Estive por lá esses dias, e planejei visitar três bares: Don Guina Pub, o meu bar favorito, em razão da música e da decoração; o Aquarius, pelo chopp gelado, decoração e pela opção de observar os peixes quando o tédio chega; o Bar do Mirante na Avenida Perimetral Norte, pela visão panorâmica de Goiânia.

Essas eram minhas pretensões boêmias, meus amigos disseram que eram um tanto burguesas, e sugeriram outras alternativas.

Confesso com certa vergonha, que até esse dia tinha uma visão preconceituosa de Goiânia, acreditando quase que cegamente na supremacia cultural do sertanejo universitário por aquelas bandas, quebrei a cara.... Acho que nunca estive tão redondamente enganado na minha vida.

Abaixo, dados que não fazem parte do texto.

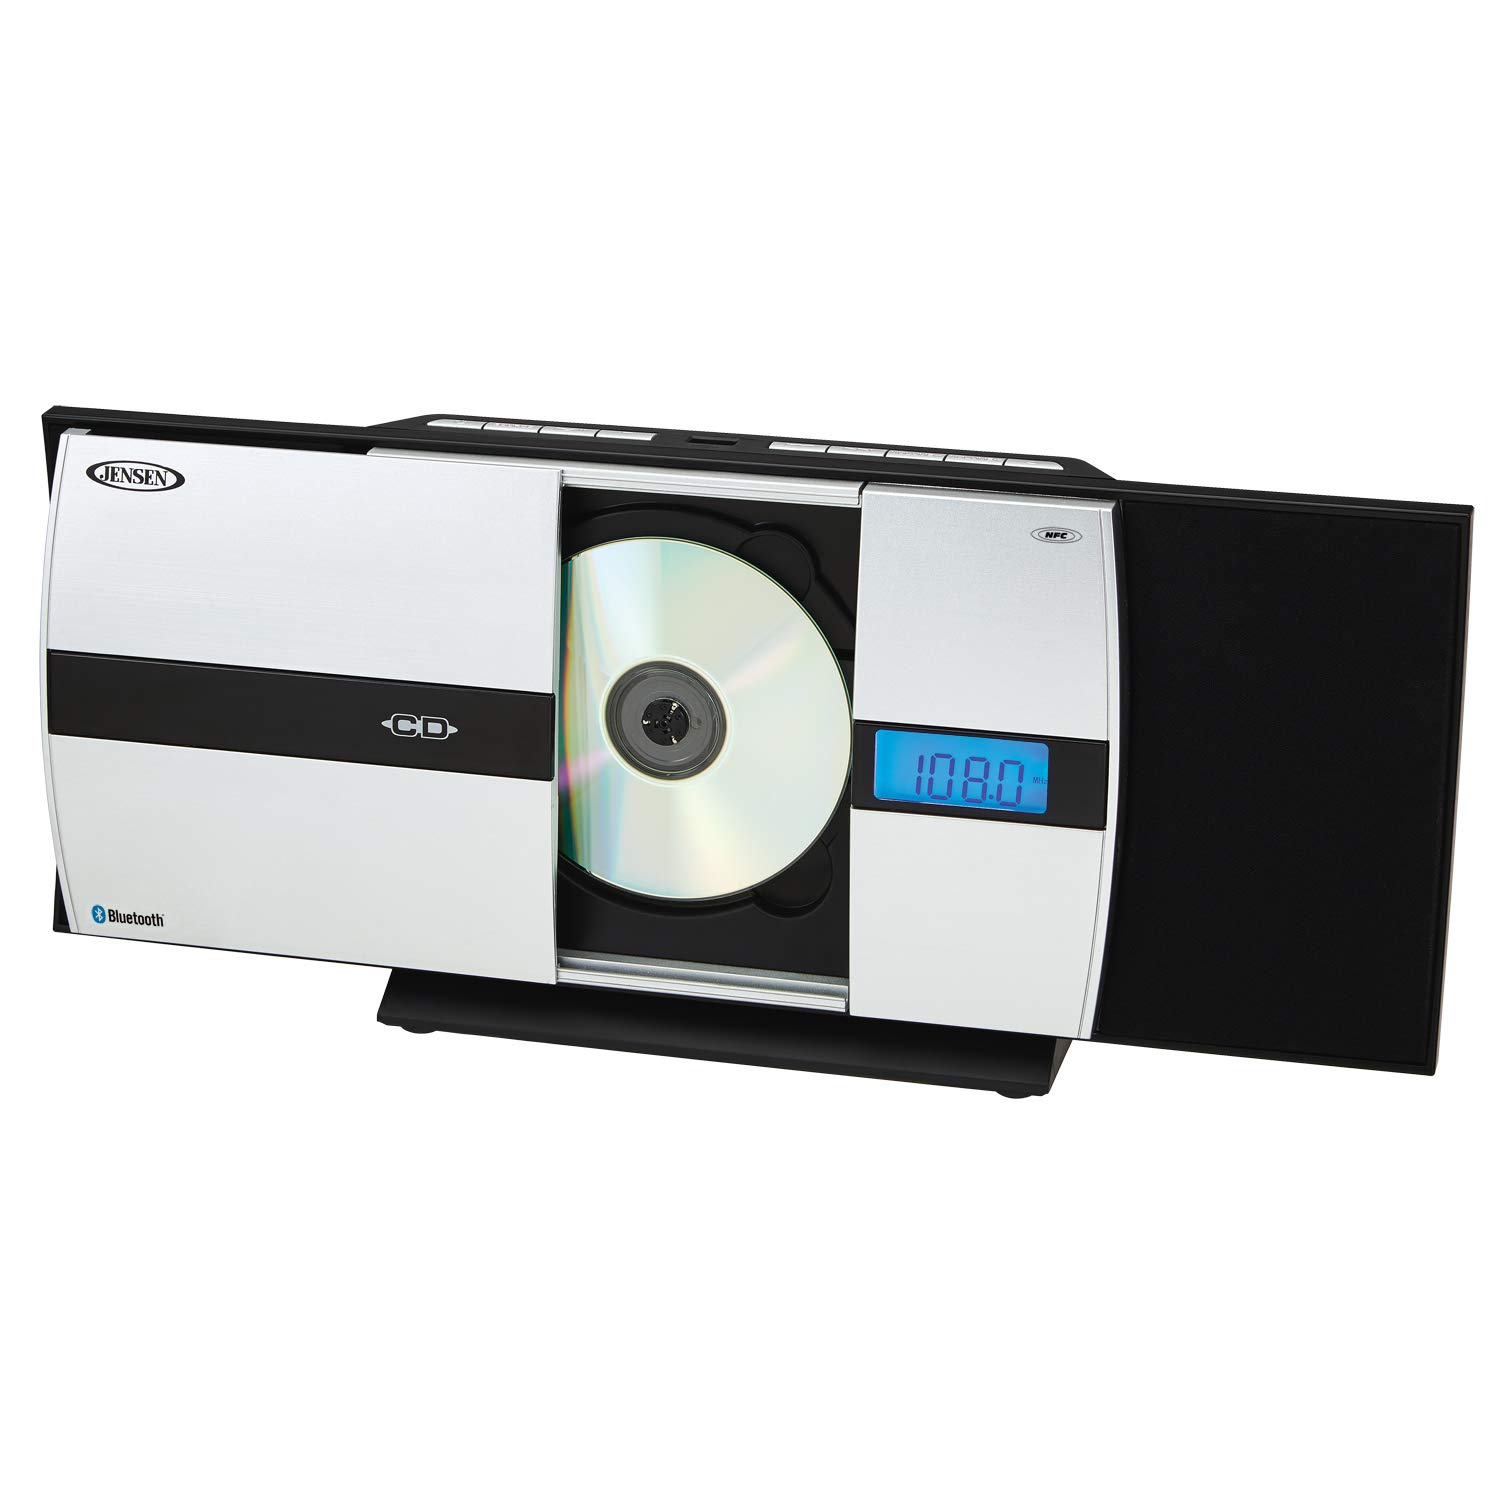 Jensen Wireless Bluetooth CD Player with FM Radio and Wall Mountable Option - image 2 of 5

Começaríamos a noite num samba, e quando me disseram que esse seria o nosso prelúdio, levantei a sobrancelha incrédulo...

Ao dobrarmos a esquina, o som dos batuques se destacava, a entrada era barata e os atendentes cordiais, ao entrar no Distrito 115, tive que segurar meu queixo, fiquei boquiaberto com a cena.

Uma roda de samba com mais de 20 mulheres animava uma multidão de 200 pessoas, que dançavam, cantavam, bebiam e se divertiam numa alegria que estava no ar e era vista a olho nu, pessoas bonitas de todas as idades e cores, conectadas pelo som ancestral do samba, mais cedo um rapaz havia sido expulso por assedio, esse tipo de comportamento não era tolerado naquele ambiente, em que todos e todas pareciam se sentir à vontade para ser o que quisessem e como quisessem.


Era uma noite fresca, a maioria usava trajes onde ombros, braços, nucas e costas ficavam à mostra, de modo que cada corpo com suas tatuagens podia facilmente ser observado, parecia até uma galeria de arte, onde corpos vivos e bonitos eram o depósito de pinturas, gravuras, desenhos e frases.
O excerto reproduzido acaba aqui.